By MAX.TAN (Singapore), Nadi Singapura (Singapore) and Bhaskar’s Arts Academy (Singapore)

21 & 22 May, Sat & Sun 7.30pm Esplanade Theatre

2h, No Intermission

Rating to be determined Recommended for audiences age 6 and above

Tickets: $38*, $48*, $58

*Limited concessions available for students, NSFs and seniors

Also available on SIFA On Demand $15 per show $25 for bundle of 4 (U.P $60)

In Ceremonial Enactments, three Singaporean companies imagine a resplendent tapestry of local customary rituals, told with a contemporary twist.

Drawing from customs and rites within Singapore’s diverse cultures, Ceremonial Enactments features three festival commissions, woven into one seamless performance experience.

Held at the Esplanade Theatre, Ceremonial Enactments flips conventional notions of staging and the audienceto-performance relationship within a traditional proscenium theatre.

In Act I, designer powerhouse and label MAX.TAN opens the evening with ANG, a fashion performance inspired by Chinese and Southeast Asian birth rituals. Conceived as a sartorial love letter to designer Max Tan’s mother, Tan constructs and weaves garments of ethereal beauty, layered with ideas of birth, re-birth and Samsara.

In Act II, percussion ensemble Nadi Singapura, led by Artistic Director Riduan Zalani, presents one of the grandest ceremonies within the Malay community – the wedding or the majlis persandingan. 293NW elegantly weaves dance and narrative, along with Nadi Singapura’s signature style of traditional Malay percussion rhythms. In Act III, Bhaskar’s Art Academy presents Yantra Mantra, an enactment of an ancient dance ritual performed in Hindu temples. Choreographed by Cultural Medallion recipient the late Mrs Santha Bhaskar and Meenakshy Bhaskar, the creation draws from compositions by the Indian classical composer Sri Muthuswamy Dhikshitar and poetry by the 18th century Tanjore Quartet, where dancers pay obeisance to the nine celestial custodians that guard the eight directions and the centre of the earth.

Ceremonial Enactments features a stellar team of creatives, including Randy Chan of Zarch Collaboratives Architectural Studios conceiving the startling set design, Brian Gothong Tan, Andy Lim and Philip Tan designing multimedia, light and music respectively, Gino Babagay lending choreographic unity along with fashion designer Max Tan conceiving costumes for the entire work.

Grand and gorgeously realised, Ceremonial Enactments is a sensorial awakening celebrating customary rituals in a highly contemporary performance.

REMOTES X QUANTUM

By John Torres (The Philippines) and Eleanor Wong (Singapore)

25 – 27 May, Wed – Fri, 8pm 28 – 29 May, Sat – Sun, 4pm & 8pm The Arts House

1h 20m, No Intermission

Rating to be determined Recommended for audiences age 13 and above

Tickets: $35*

*Limited concessions available for students, NSFs and seniors.

From playwright Eleanor Wong and filmmaker John Torres comes a gripping multi-disciplinary work, reimagining life in Singapore and the Philippines on the brink of a dystopian world order.

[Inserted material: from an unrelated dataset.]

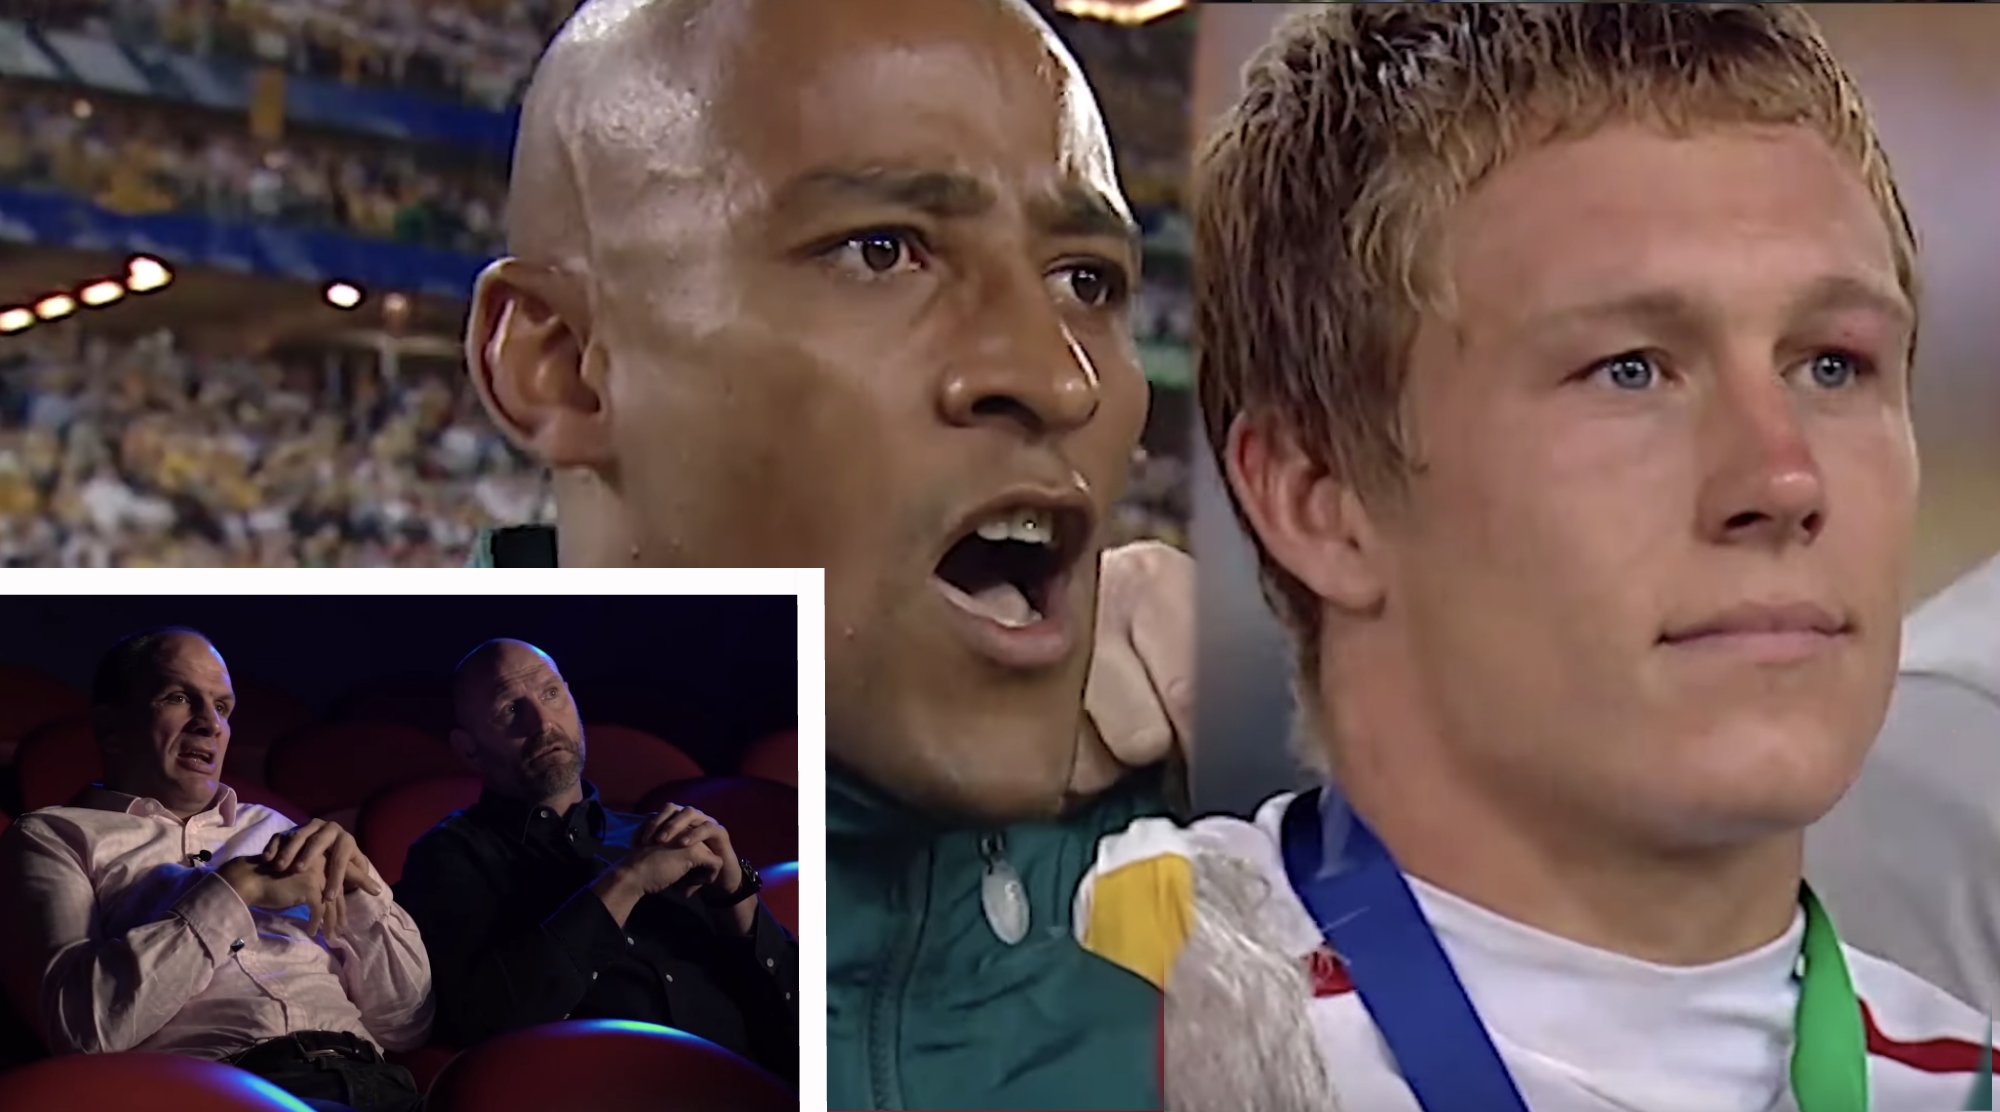 The entirety of the 2003 World Cup final has been published online

A leading artistic force in New Philippine Cinema, independent auteur John Torres’s poetic sensibility and anthropological eye fuse to create films utterly his own.

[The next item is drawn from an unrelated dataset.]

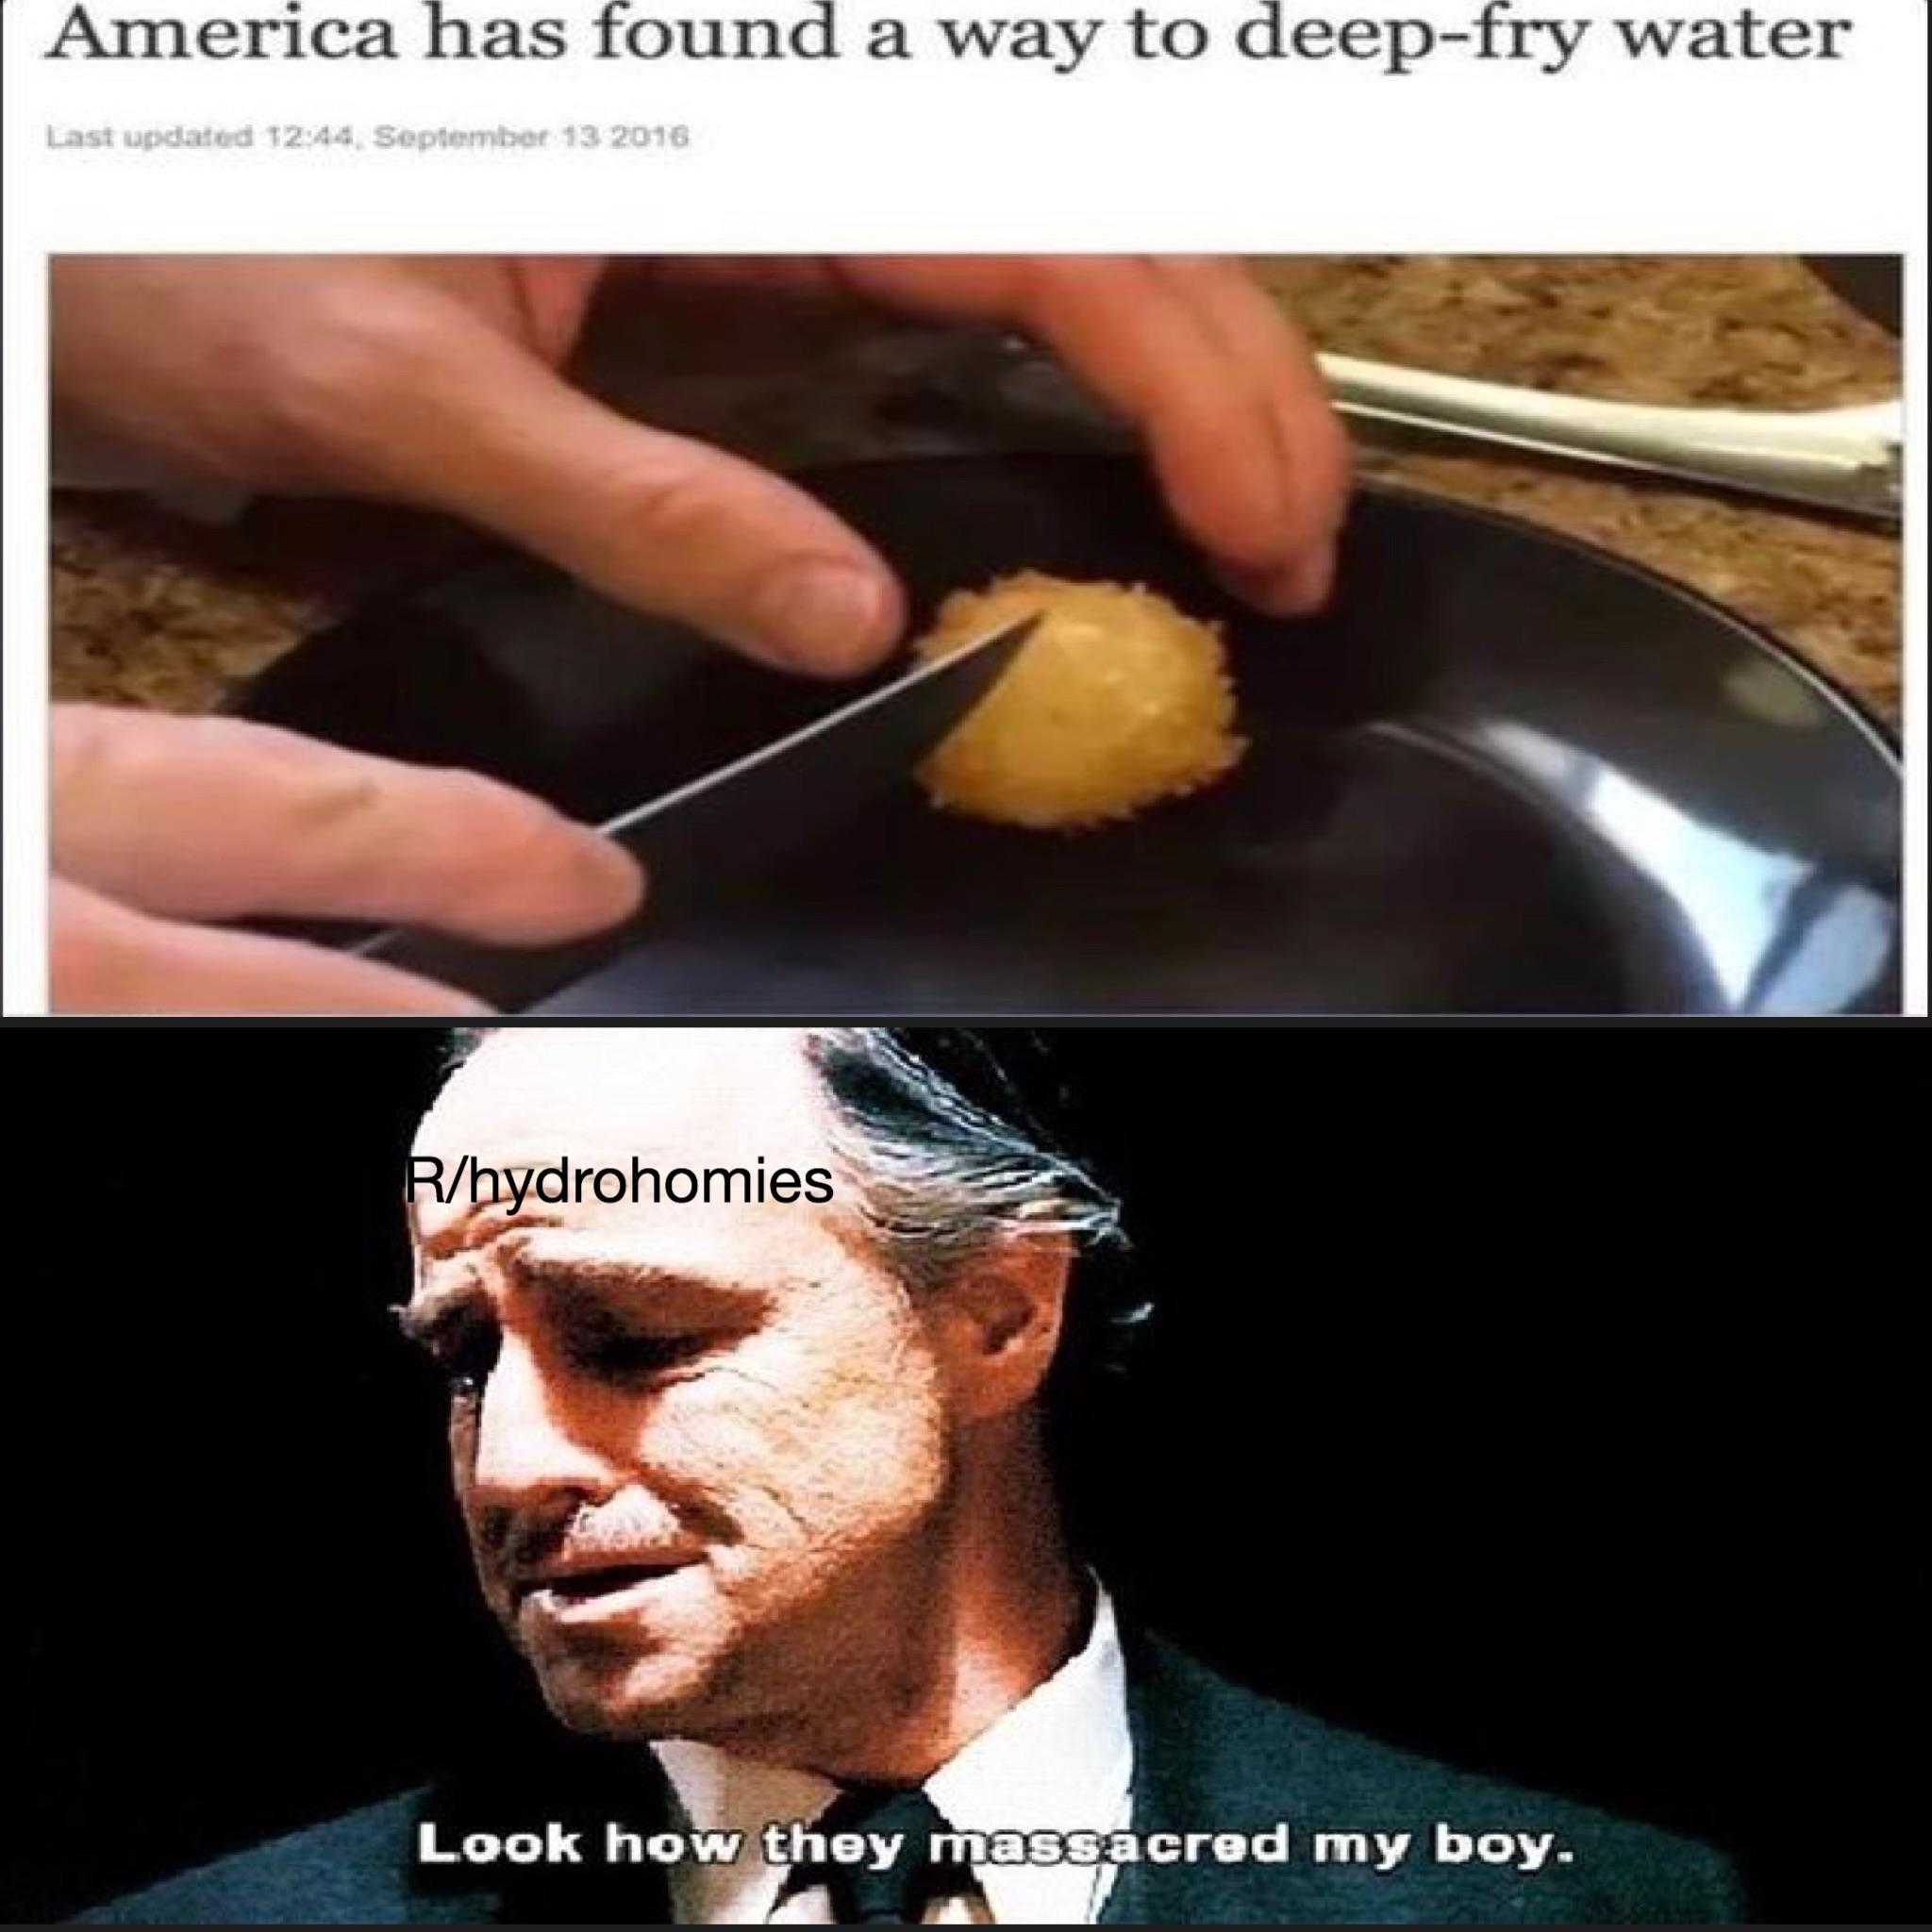 water water-memes water text: America has found a way to deep-fry water Last 13 2016 bydrohomies Look how they massacred my boy.

Matched by acclaimed Singaporean poet and playwright Eleanor Wong – known for her wit and dramatic range – Remotes x Quantum is a thrilling collaboration between two seminal artists, marrying themes from Torres’ futuristic film The Remotes and Wong’s recent text, The Quantum of Space.

In Remotes x Quantum, two countries collide in their contrasting realities. In the Philippines, ordinary people sell the control of their bodies to become avatars purely to survive. While in Singapore, an island ladened with first-world preoccupations, people struggle to find new meaning in the face of existential challenges.

Blending film, poetry, theatre and sound in a swirling multi-disciplinary live installation, Remotes x Quantum is a searing examination of the state of possession, both as noun and verb.

Wong and Torres conjure a dream language, set against their home cities on the brink of a dystopian world order, to meditate on the physicality, spirituality, and politics of human bodies limboed in varied states of possession. In a universe where our moral codes and human desires drive the need to possess, are there other roads to nirvana?